_DESCRIPTION OF THE TASK:_ Give back all of the data exactly as it stands, with the pictures removed.

_DATA EXTRACT:_
* * * *
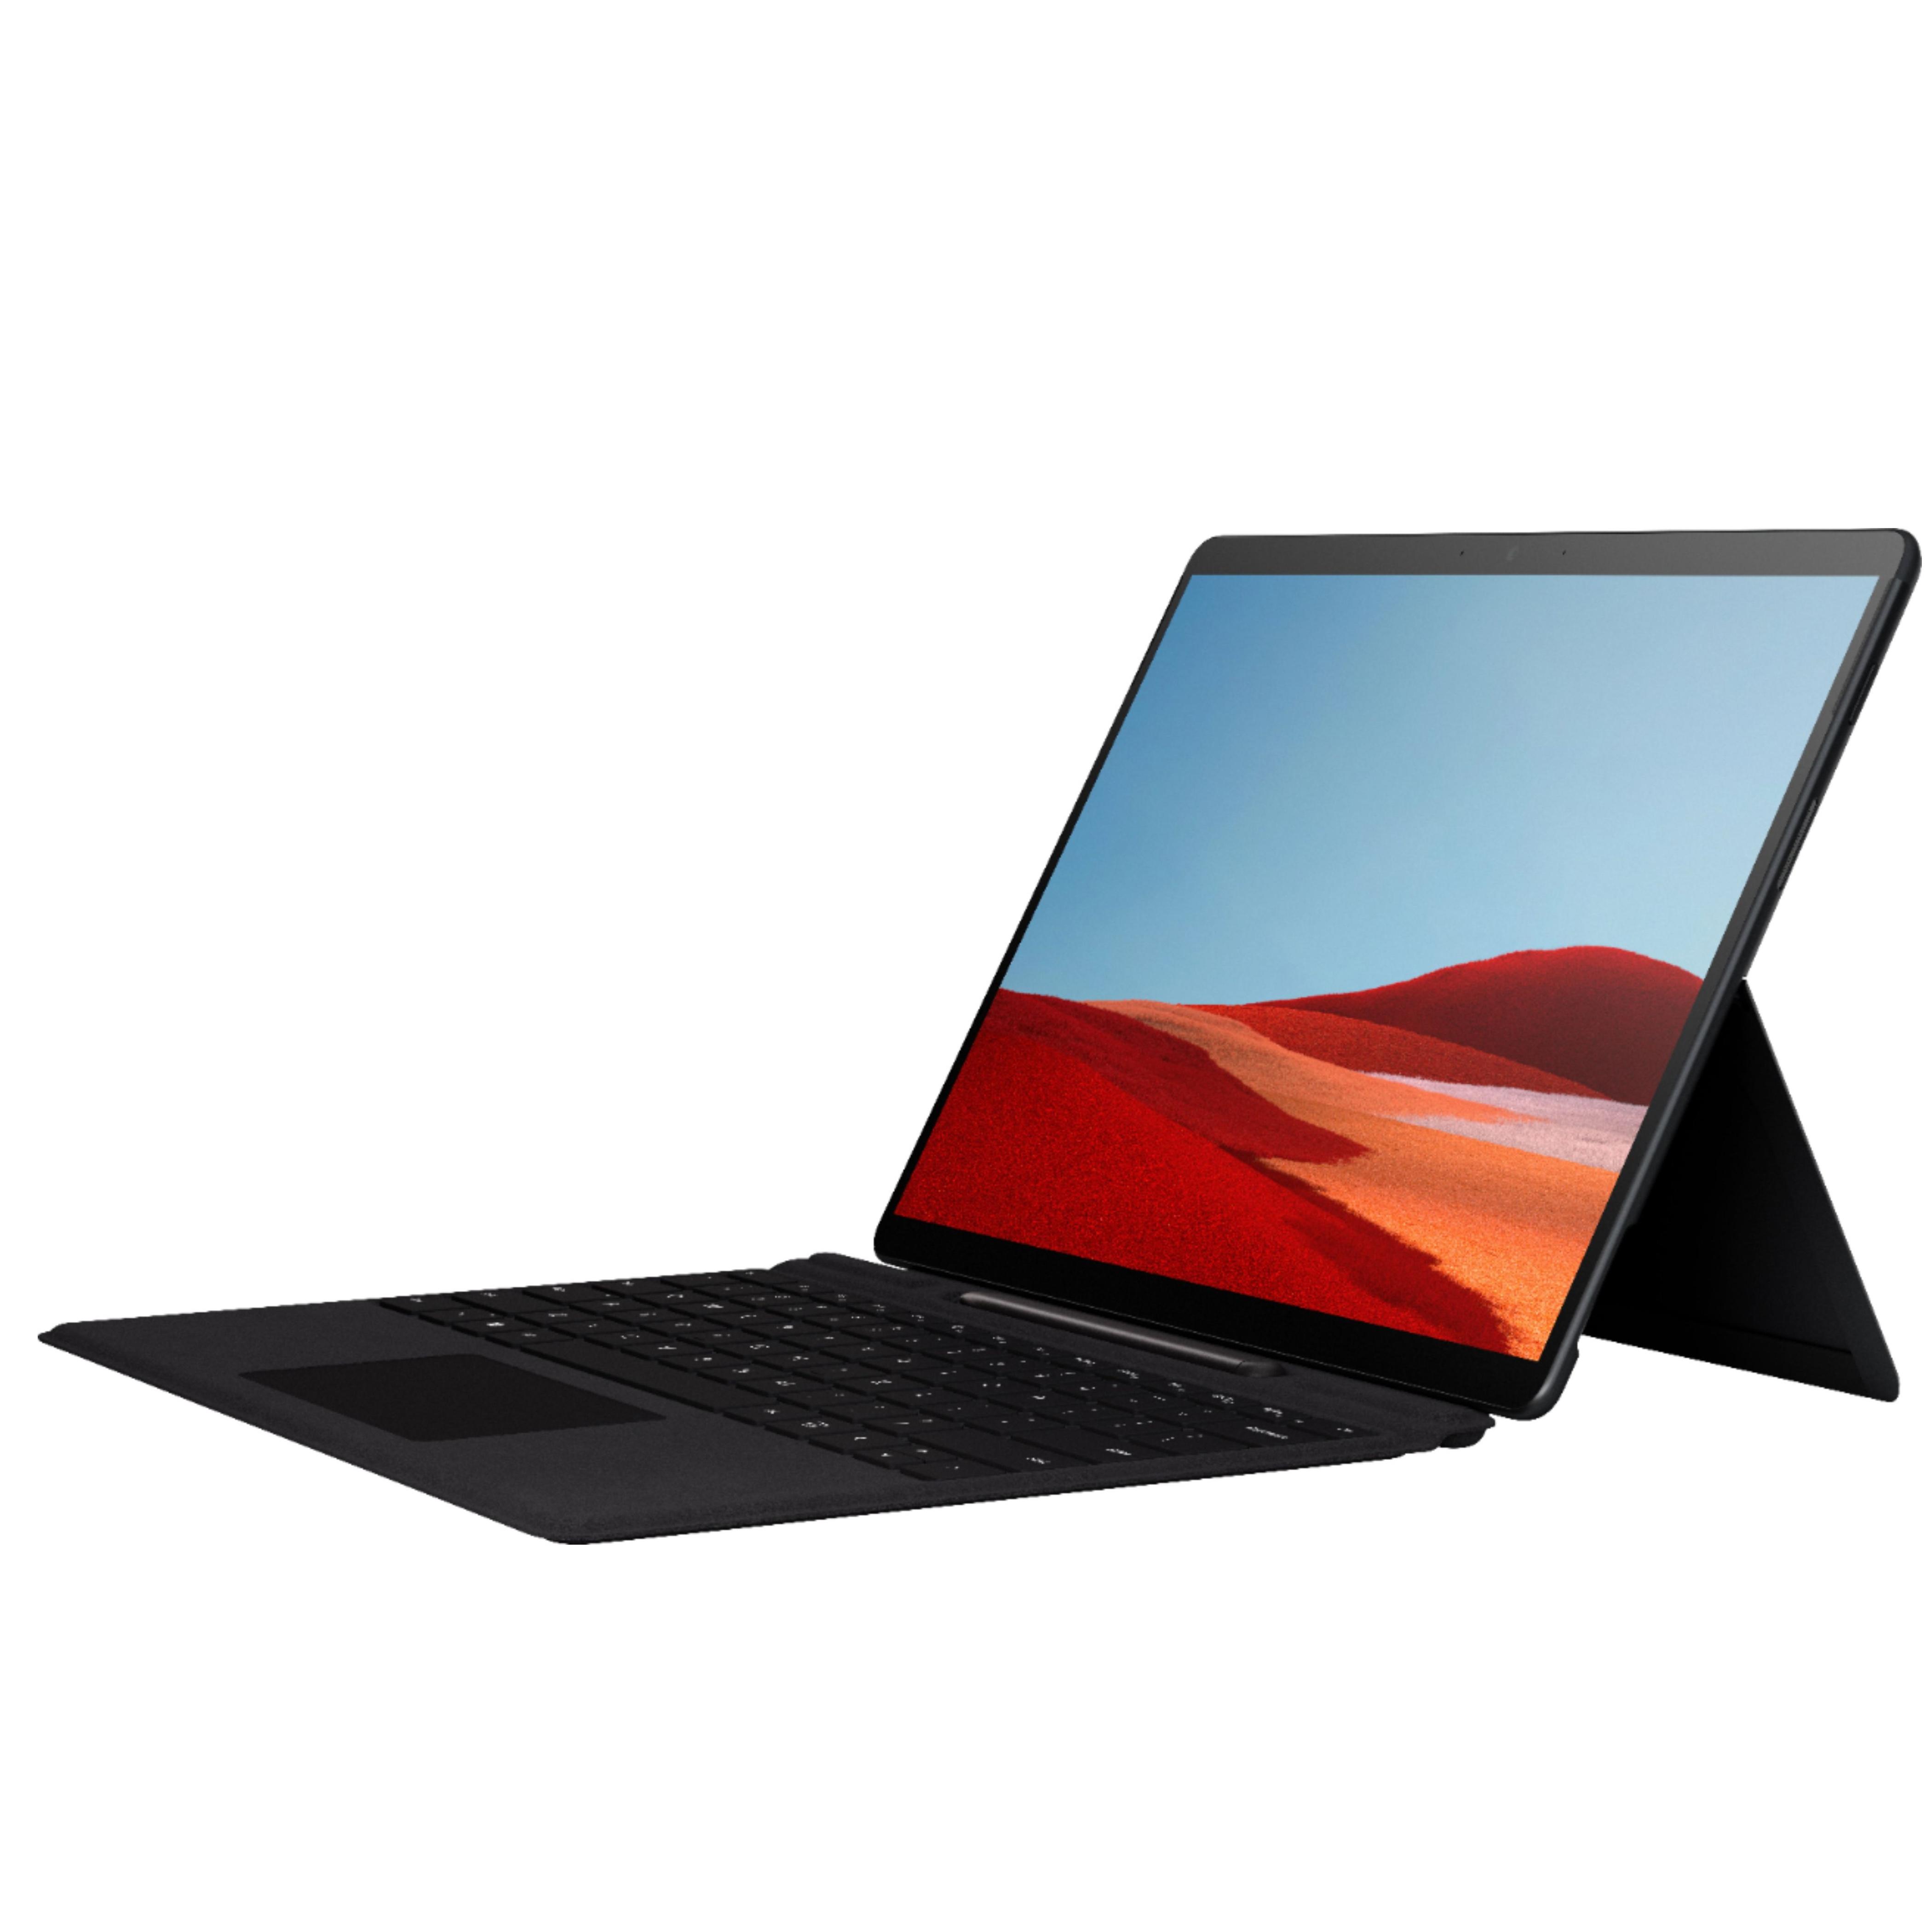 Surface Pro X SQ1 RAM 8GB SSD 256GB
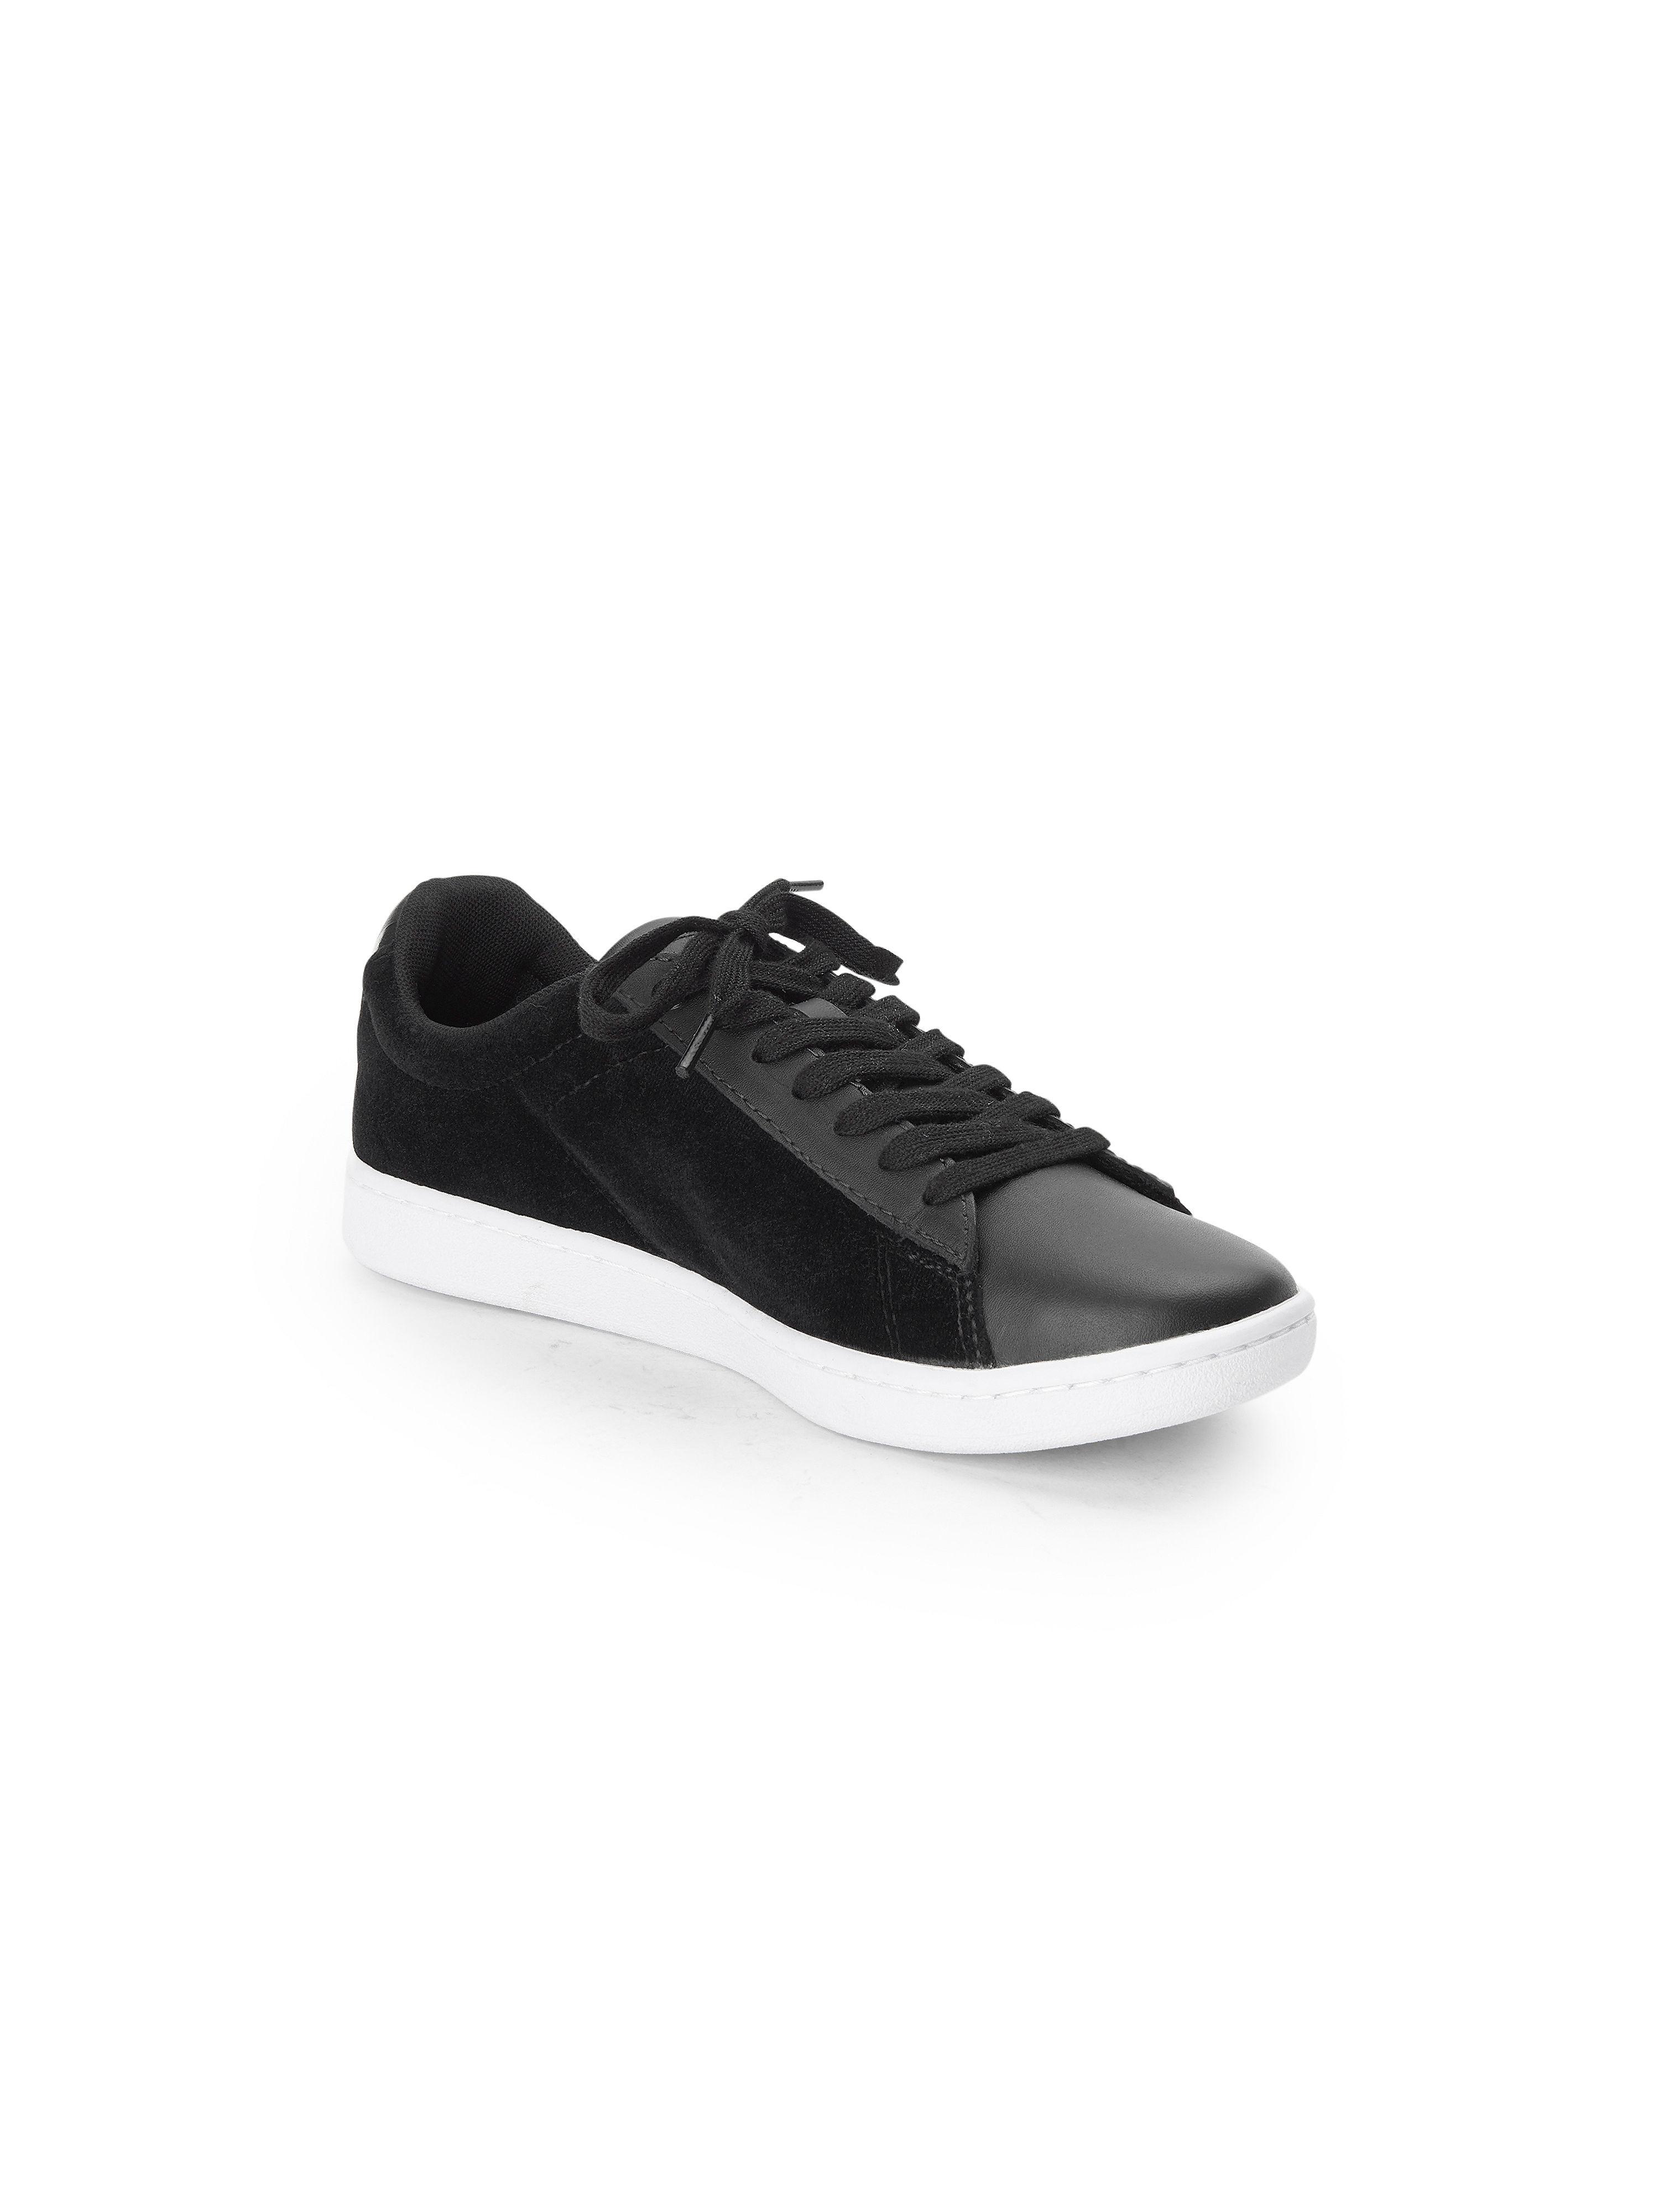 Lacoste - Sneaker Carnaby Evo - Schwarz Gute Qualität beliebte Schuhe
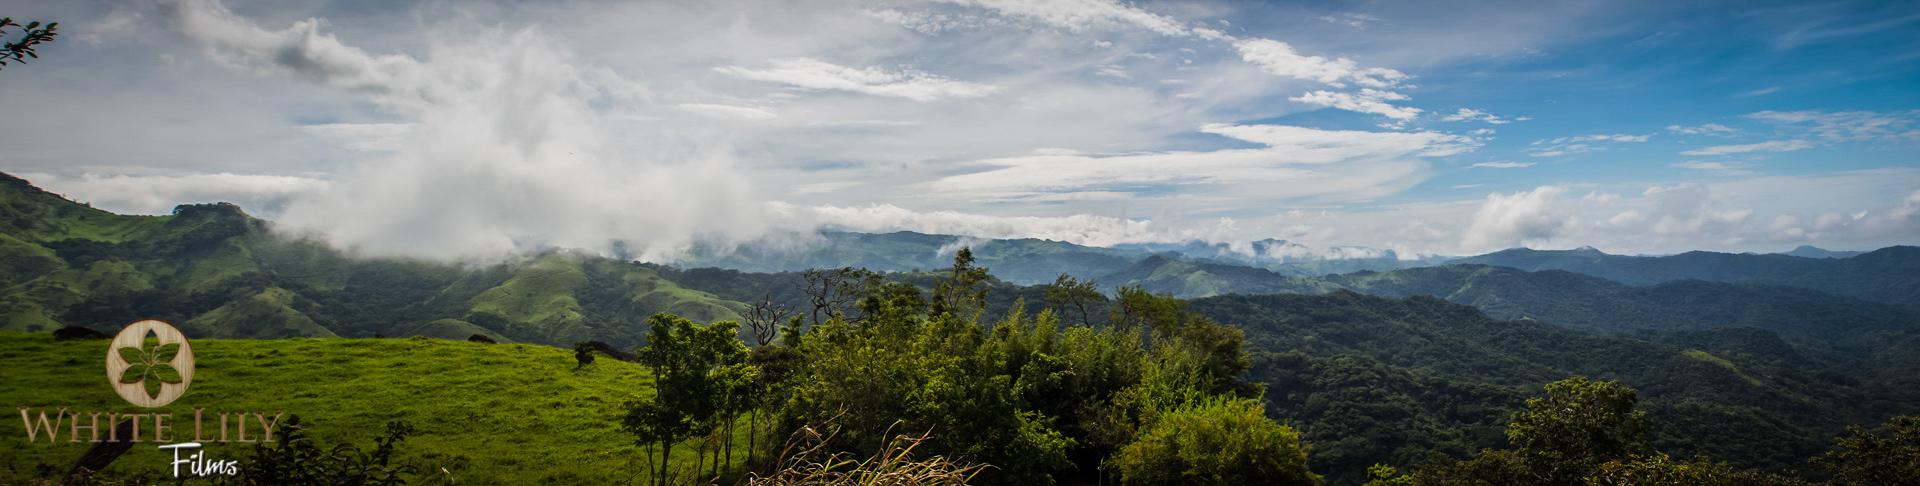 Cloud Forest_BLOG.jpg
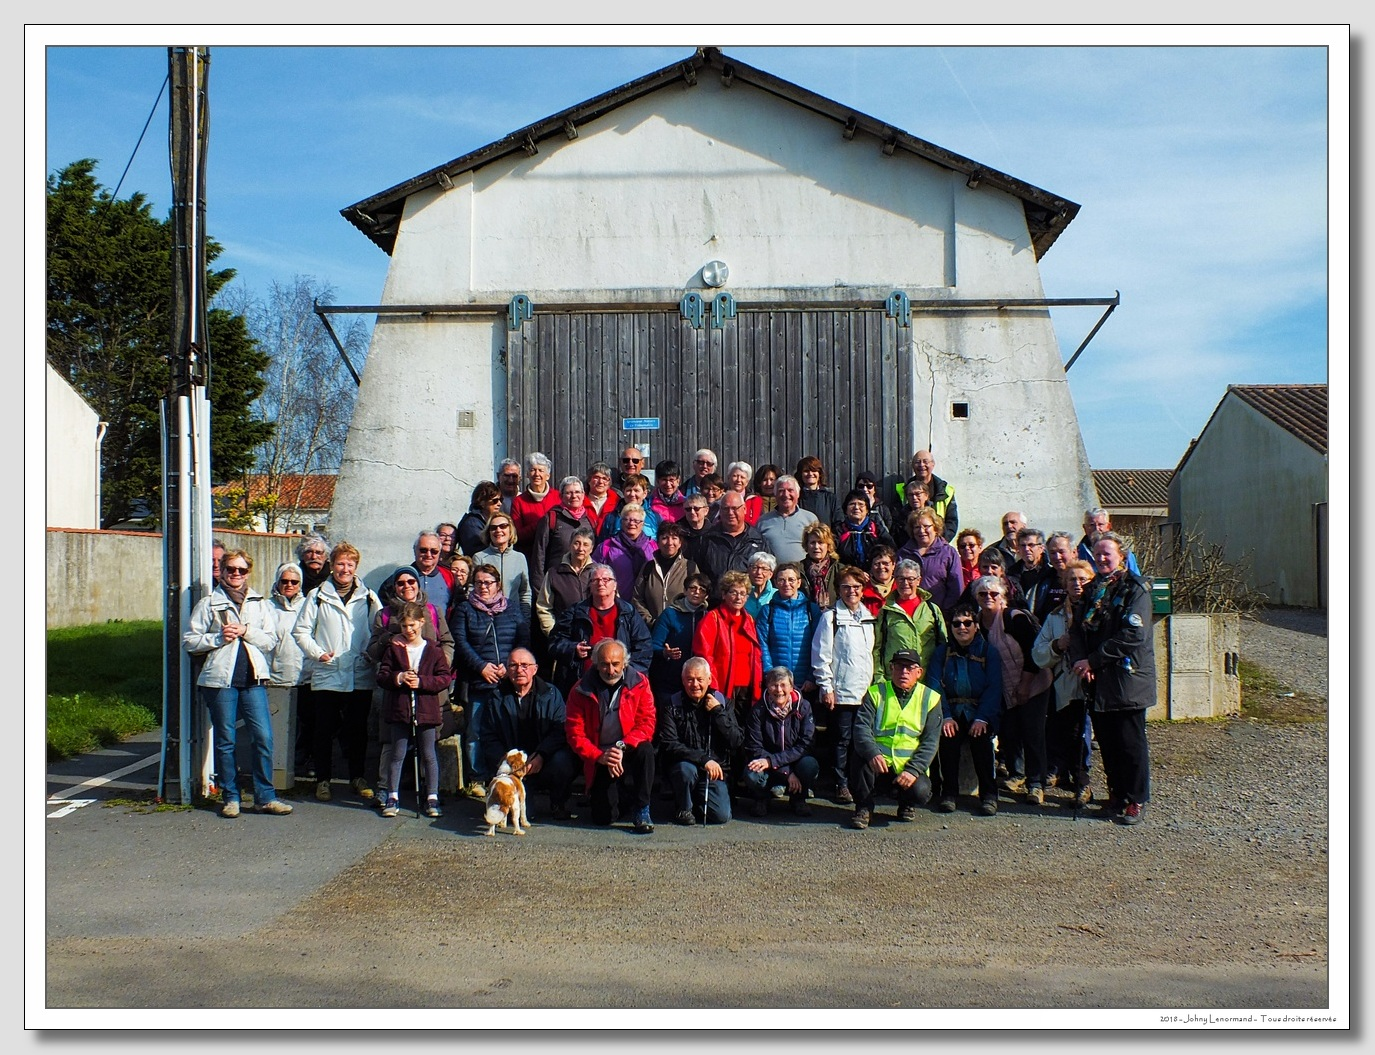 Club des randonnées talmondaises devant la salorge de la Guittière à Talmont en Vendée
* * * *
_RESULT FOR THIS TASK:_
 Surface Pro X SQ1 RAM 8GB SSD 256GB
 Lacoste - Sneaker Carnaby Evo - Schwarz Gute Qualität beliebte Schuhe
 Cloud Forest_BLOG.jpg
 Club des randonnées talmondaises devant la salorge de la Guittière à Talmont en Vendée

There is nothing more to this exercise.